What had people buzzing was the nature of the fresh, new few billion pages. They were blatant spam- containing Pay-Per-Click (PPC) ads, scraped content, and they were, in many cases, showing up well in the search results. They pushed out far older, more established sites in doing so. A Google representative responded via forums to the issue by calling it a “bad data push,” something that met with various groans throughout the SEO community.

How did someone manage to dupe Google into indexing so many pages of spam in such a short period of time? I’ll provide a high level overview of the process, but don’t get too excited. Like a diagram of a nuclear explosive isn’t going to teach you how to make the real thing, you’re not going to be able to run off and do it yourself after reading this article. Yet it makes for an interesting tale, one that illustrates the ugly problems cropping up with ever increasing frequency in the world’s most popular search engine .

A Dark and Stormy Night
Our story begins deep in the heart of Moldva, sandwiched scenically between Romania and the Ukraine. In between fending off local vampire attacks, an enterprising local had a brilliant idea and ran with it, presumably away from the vampires… His idea was to exploit how Google handled subdomains, and not just a little bit, but in a big way.

The heart of the issue is that currently, Google treats subdomains much the same way as it treats full domains- as unique entities. This means it will add the homepage of a subdomain to the index and return at some point later to do a “deep crawl.” Deep crawls are simply the spider following links from the domain’s homepage deeper into the site until it finds everything or gives up and comes back later for more.

Briefly, a subdomain is a “third-level domain.” You’ve probably seen them before, they look something like this: subdomain.domain.com. Wikipedia, for instance, uses them for languages; the English version is “en.wikipedia.org”, the Dutch version is “nl.wikipedia.org.” Subdomains are one way to organize large sites, as opposed to multiple directories or even separate domain names altogether.

So, we have a kind of page Google will index virtually “no questions asked.” It’s a wonder no one exploited this situation sooner. Some commentators believe the reason for that may be this “quirk” was introduced after the recent “Big Daddy” update. Our Eastern European friend got together some servers, content scrapers, spambots, PPC accounts, and some all-important, very inspired scripts, and mixed them all together thusly…

Five Billion Served- And Counting…
First, our hero here crafted scripts for his servers that would, when GoogleBot dropped by, start generating an essentially endless number of subdomains, all with a single page containing keyword-rich scraped content, keyworded links, and PPC ads for those keywords. Spambots are sent out to put GoogleBot on the scent via referral and comment spam to tens of thousands of blogs around the world. The spambots provide the broad setup, and it doesn’t take much to get the dominos to fall.
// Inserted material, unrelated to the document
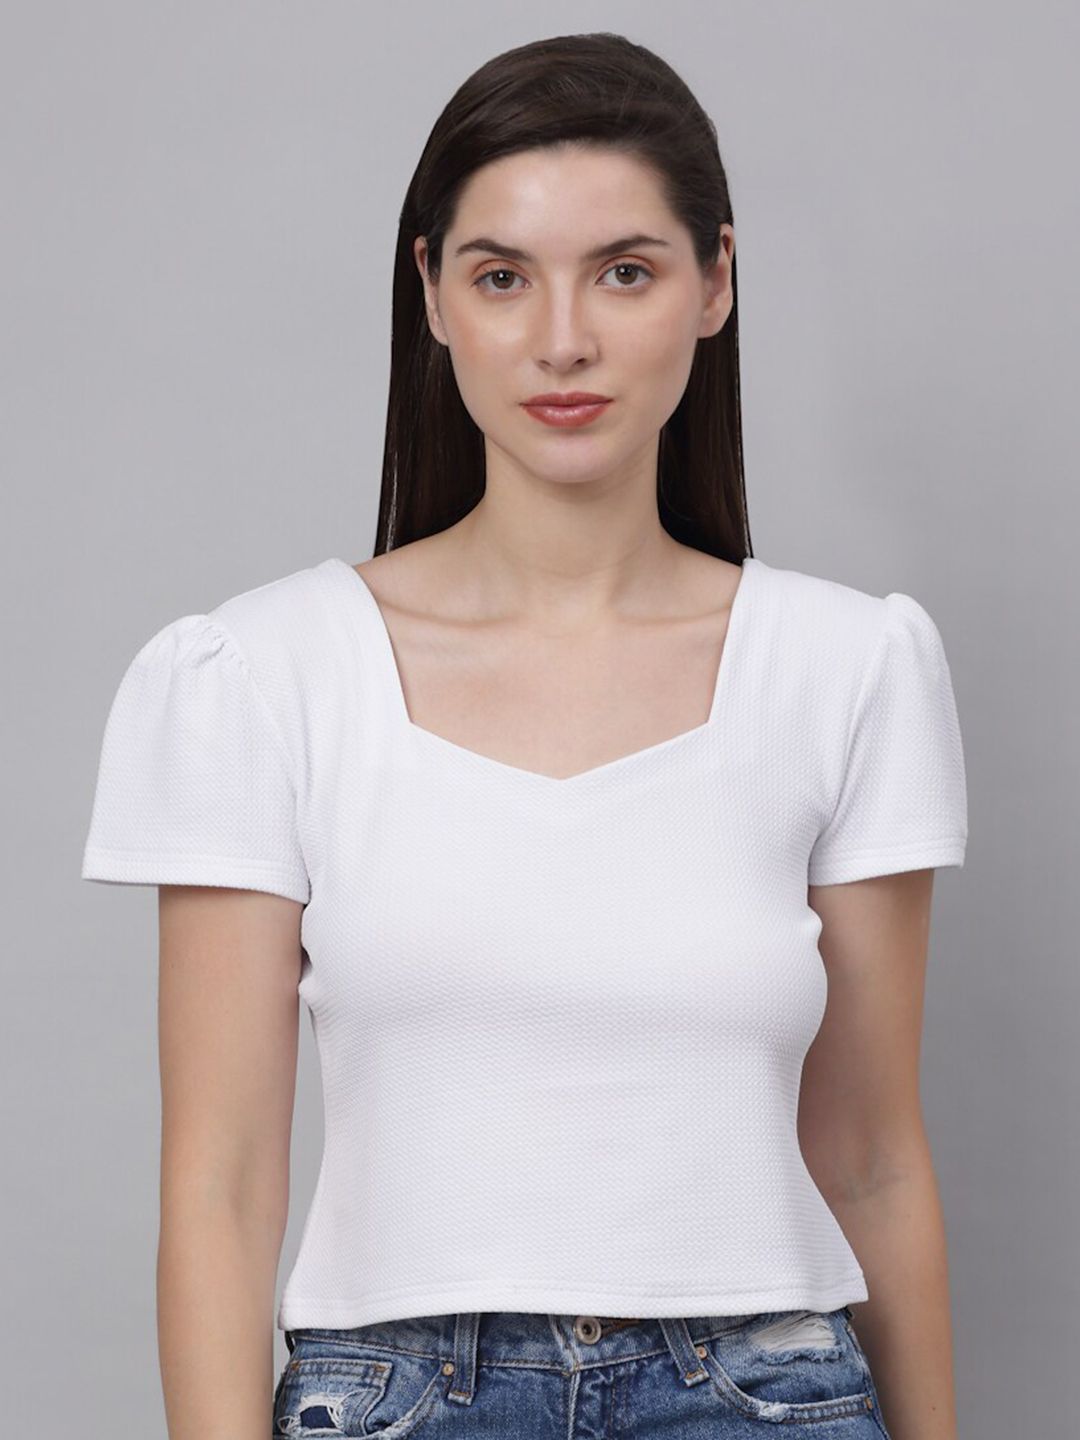 NEUDIS Woman White Puff Sleeve Top Price in India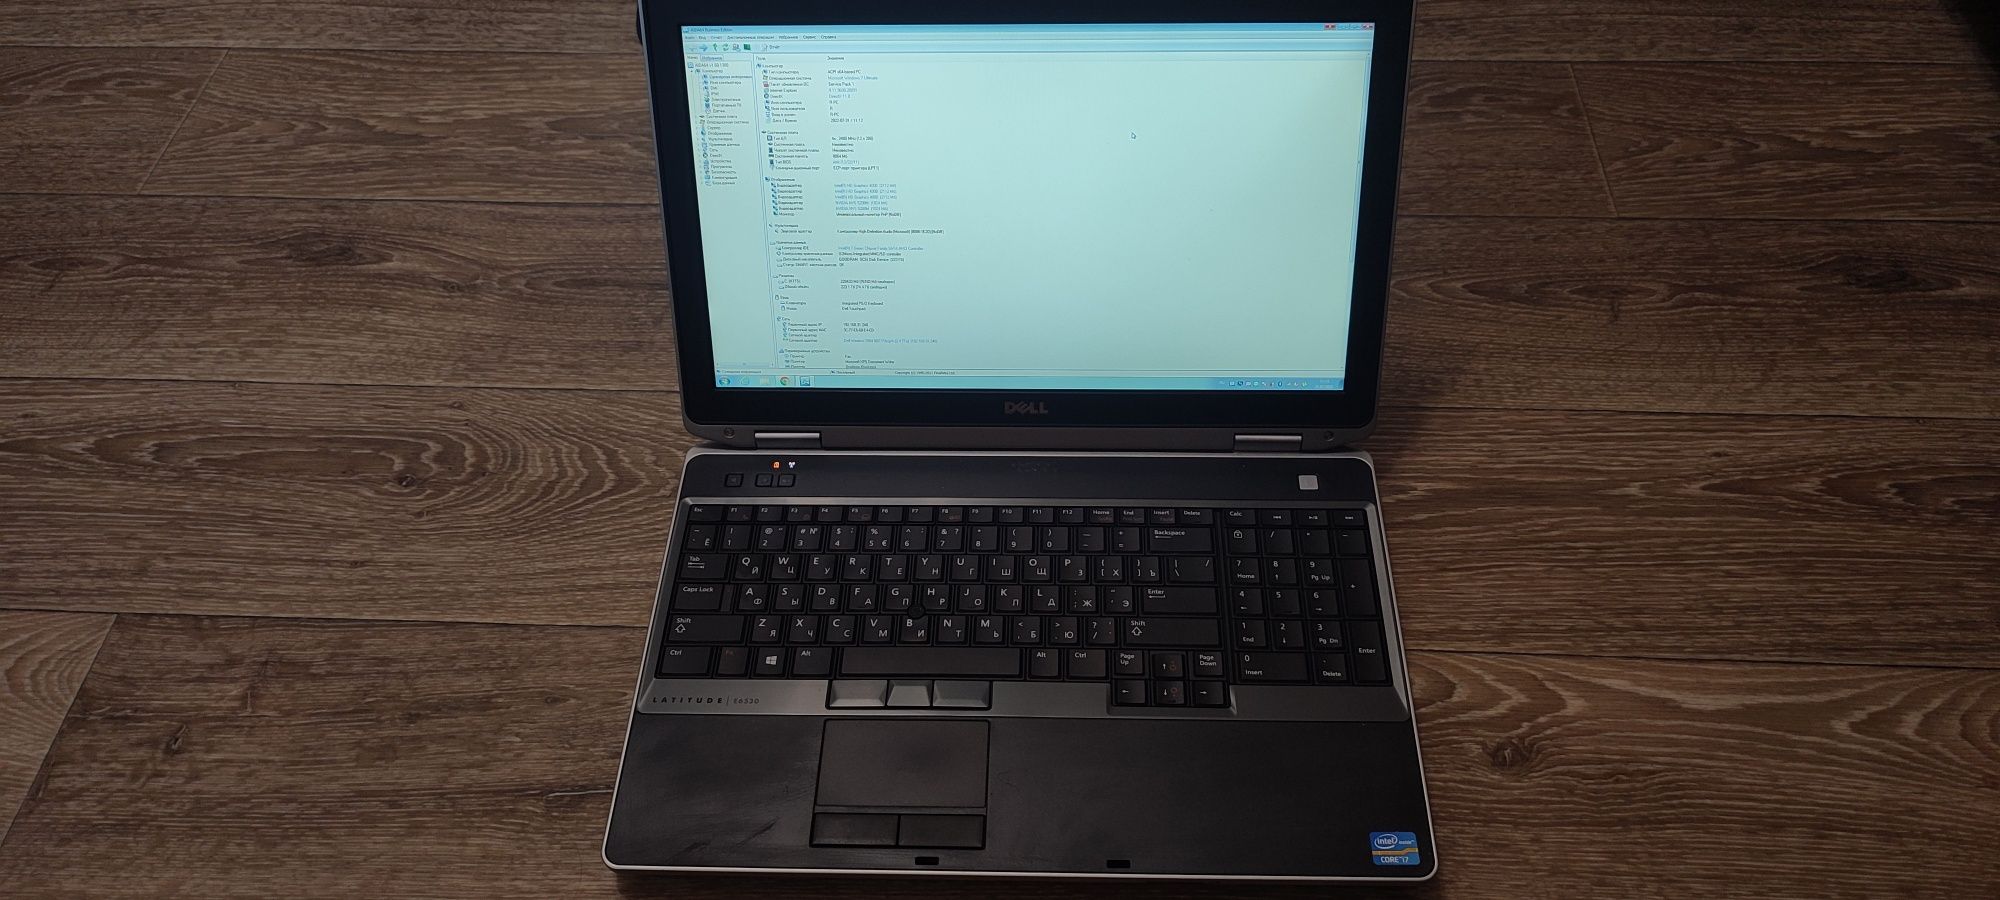 Ноутбук I7 3630Qm, 8Gb, SSD 240

GoogleBot finds the spammed links and, as is its purpose in life, follows them into the network. Once GoogleBot is sent into the web, the scripts running the servers simply keep generating pages- page after page, all with a unique subdomain, all with keywords, scraped content, and PPC ads. These pages get indexed and suddenly you’ve got yourself a Google index 3-5 billion pages heavier in under 3 weeks.

Reports indicate, at first, the PPC ads on these pages were from Adsense, Google’s own PPC service. The ultimate irony then is Google benefits financially from all the impressions being charged to Adsense users as they appear across these billions of spam pages. The Adsense revenues from this endeavor were the point, after all. Cram in so many pages that, by sheer force of numbers, people would find and click on the ads in those pages, making the spammer a nice profit in a very short amount of time.

Billions or Millions? What is Broken?
Word of this achievement spread like wildfire from the DigitalPoint forums. It spread like wildfire in the SEO community, to be specific. The “general public” is, as of yet, out of the loop, and will probably remain so. A response by a Google engineer appeared on a Threadwatch thread about the topic, calling it a “bad data push”. Basically, the company line was they have not, in fact, added 5 billions pages. Later claims include assurances the issue will be fixed algorithmically. Those following the situation (by tracking the known domains the spammer was using) see only that Google is removing them from the index manually.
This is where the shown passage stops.